Abstract

The estimated prevalence of intracranial atherosclerotic disease (IAD) in patients with stenosis of the extracranial internal carotid artery (ICA) varies between 20% and 50%. The benefits of carotid endarterectomy (CE) in patients with both IAD and symptomatic extracranial ICA stenosis are uncertain. The association between IAD and other vascular risk factors and with the risk of stroke at 3 years were studied in patients with symptomatic extracranial ICA stenosis who participated in the North American Symptomatic Carotid Endarterectomy Trial (NASCET). Since the NASCET protocol excluded severe IAD, only a modest number of patients in this category could be studied. IAD was observed in one third of the patients.
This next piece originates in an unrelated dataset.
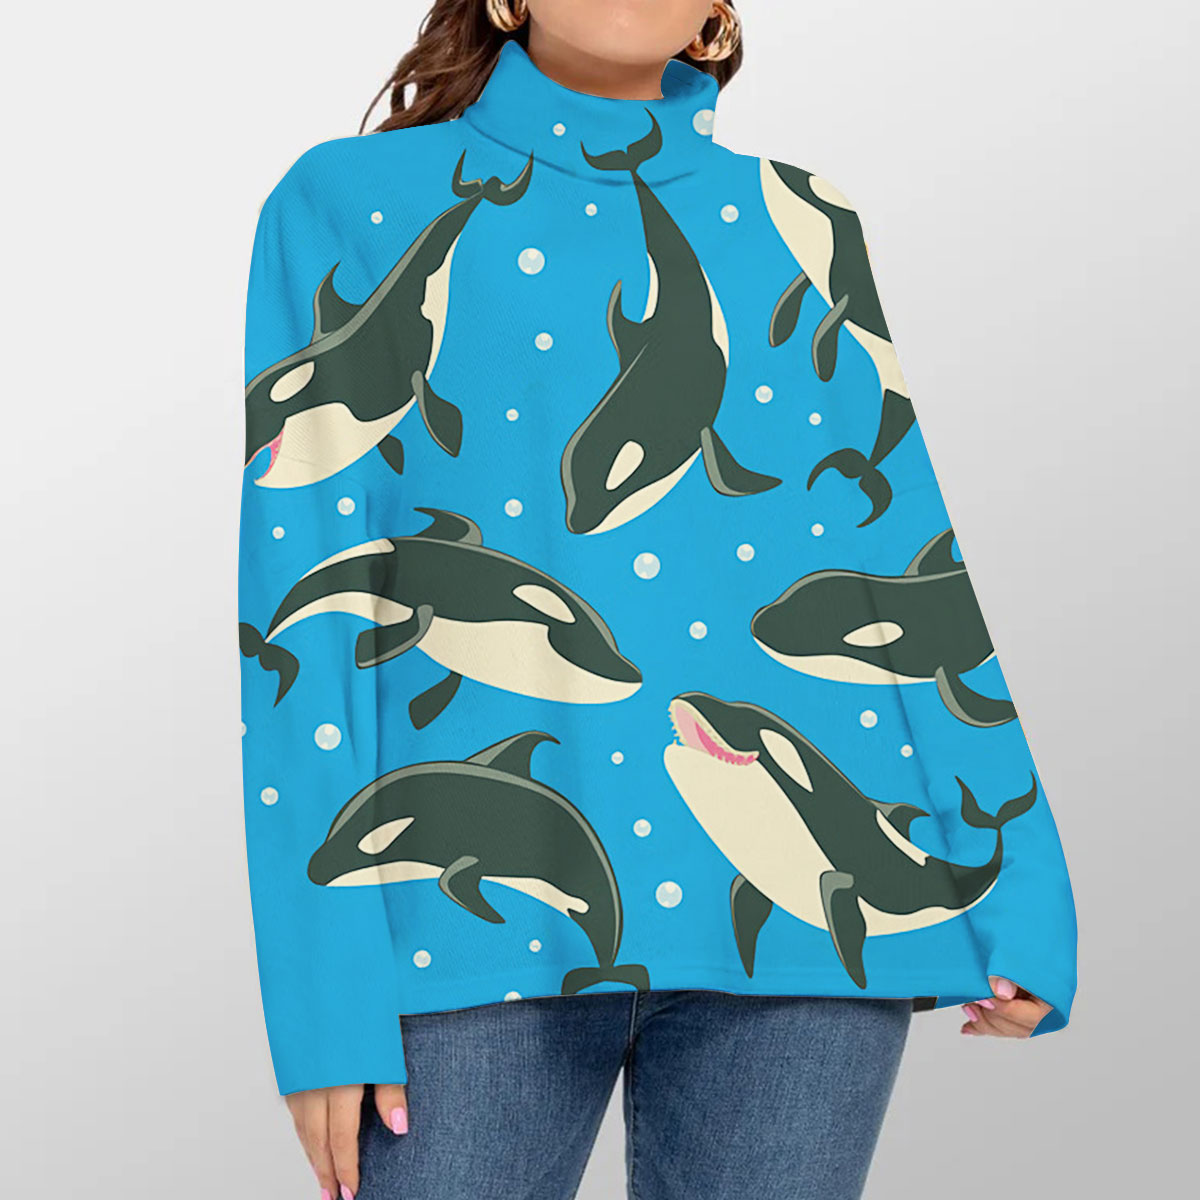 Orca Whale On Blue Turtleneck Sweater

In medically treated patients, the relative risk of stroke associated with IAD varied from 1.3 (95% CI, 0.9 to 1.9) with extracranial ICA stenosis of <50% to 1.8 (95% CI, 1.1 to 3.2) with 85% to 99% ICA stenosis. In contrast, IAD did not affect the risk of stroke among surgically treated patients. To prevent 1 stroke ipsilateral to the symptomatic ICA stenosis over 3 years in patients who have also IAD, 12 patients with 50% to 69%, 5 patients with 70% to 84%, and 3 patients with 85% to 99% ICA stenosis have to undergo CE. In patients without IAD these numbers are 26, 7, and 6, respectively. IAD is an independent risk factor for subsequent stroke in medically treated patients with symptomatic ICA stenosis. CE reduces this risk. The additional risk imposed by IAD in medically treated patients enhances the value of CE in patients with moderate symptomatic extracranial ICA stenosis. Detection of IAD, requiring angiography, is an important prelude to planning CE in symptomatic patients with moderate extracranial ICA stenosis.